Your argument about it looking obviously tiled seem odd when you're fine with using very large textures.
Not really. You're confused about the issue.
Look, with SMF 2.0, you'd load up your textures, call the shader, and run one pass over the geometry. Your main slowdown's texture loading time across the bus, which can be reduced using PBO.
With SM3, you'd load up your textures per layer, call the shader, and run a pass over the geometry. Then you'd do it again. And again. And again. Why? Because you can't just throw unlimited textures at GPUs running GLSL. IIRC, I hit the limit at 16 while working on P.O.P.S. (this is hardware-dependent, so welcome to driver hell btw).
For a 20-layer SM3, my theoretical bare-minimum where it would start not looking like ass, you'd have 80 texture loading calls, if you want the full treatment- diffuse, specular/glow/reflectivity, normalmap/depthmap, and 20 8-bit grayscales to give you interpolation values per layer. 80, vs. 12.
The number of calls matters, btw. I tested that, and regardless of the texture size, it still matters. IIRC, it's something to do with memory handling, but tbh, I couldn't follow it, all I know is that it actually matters and that it's testable- hence why I've been doing more stuff with atlases lately, btw, it's starting to make more sense.
You could cut it to two main tiles, and just keep specularity in texture1, but I really think we need all three, and possibly another 8-bit channel for advanced water, but that's another subject. So, 60 textures. 20 of which need to be heightmap -1, btw. So they may be larger than 1024!!!
So, how many times are we re-rendering the geometry? A lot, because otherwise the GLSL won't compile on most end-users' hardware. That's a huge amount of load on the GPU side of things, even if we're maybe saving some time moving the textures across the bus. Hence why fillrate will kill you in the end.
Meh. Smoth, go build a test SM3, using the current stuff, with 20 layers with different tiles and normalmaps. Just see it, it doesn't require anything more than some colored noise per tile, same for the blenders.
Look, just to prove my point that I'm actually interested in being helpful, though, here's a free idea:
Instead of having tiles loaded per rendering pass, reduce the number of gl.texture calls by slicing up the blend textures into sectors and atlasing them. This obviously would put an upper limit on the number of blending levels that could be used, but that can get really high, depending on how many slices you use.

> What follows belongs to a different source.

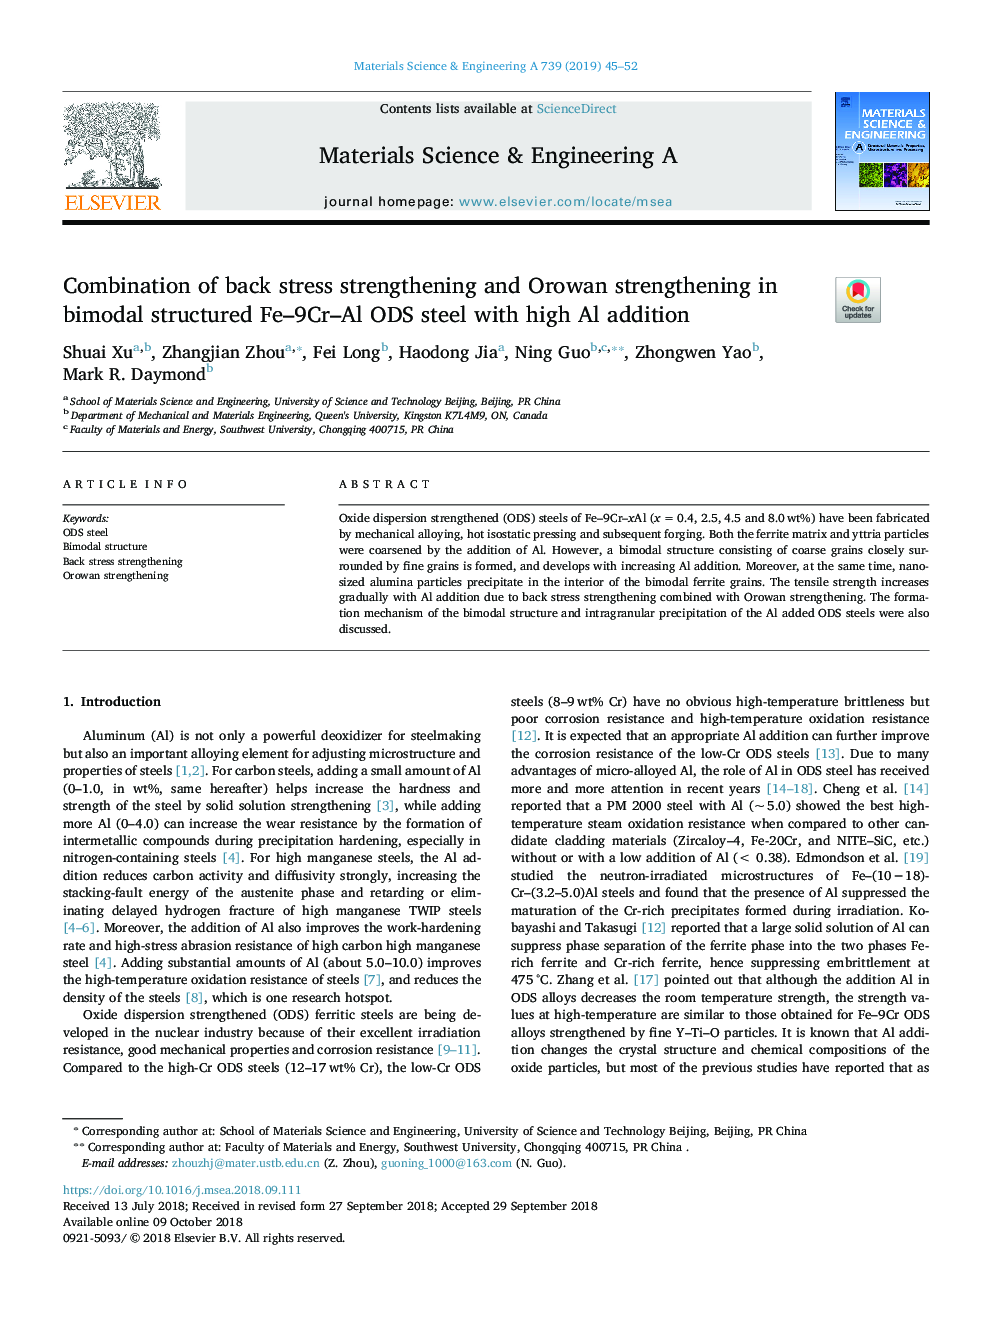 Combination of back stress strengthening and Orowan strengthening in bimodal structured Fe-9Cr-Al ODS steel with high Al addition

Make it a requirement that all tiles be the same size, and atlas them as well at runtime. Then you can reduce the number of texture calls considerably- three-four blenders per visible sector, maybe 15 tile atlases, depending on how many blend layers and the size of the tiles and the size of the atlases you want to throw across the bus. That's still a lot larger load than SMF 2.0, but it would be a considerable improvement over loose tiles, and atlases are fairly easy to code (although the GLSL side would not be so fun, I ran into that with P.O.P.S.... but that's another story).
The only major problem with this is determining which blender sectors are in POV, but that's something where SMF's source should be very helpful.
Anyhow, that should help, once you get the basics working, in terms of optimizing it. IDK whether JC used that strategy for SM3 or not, but it seems like a good way to reduce the load across the bus each frame to me.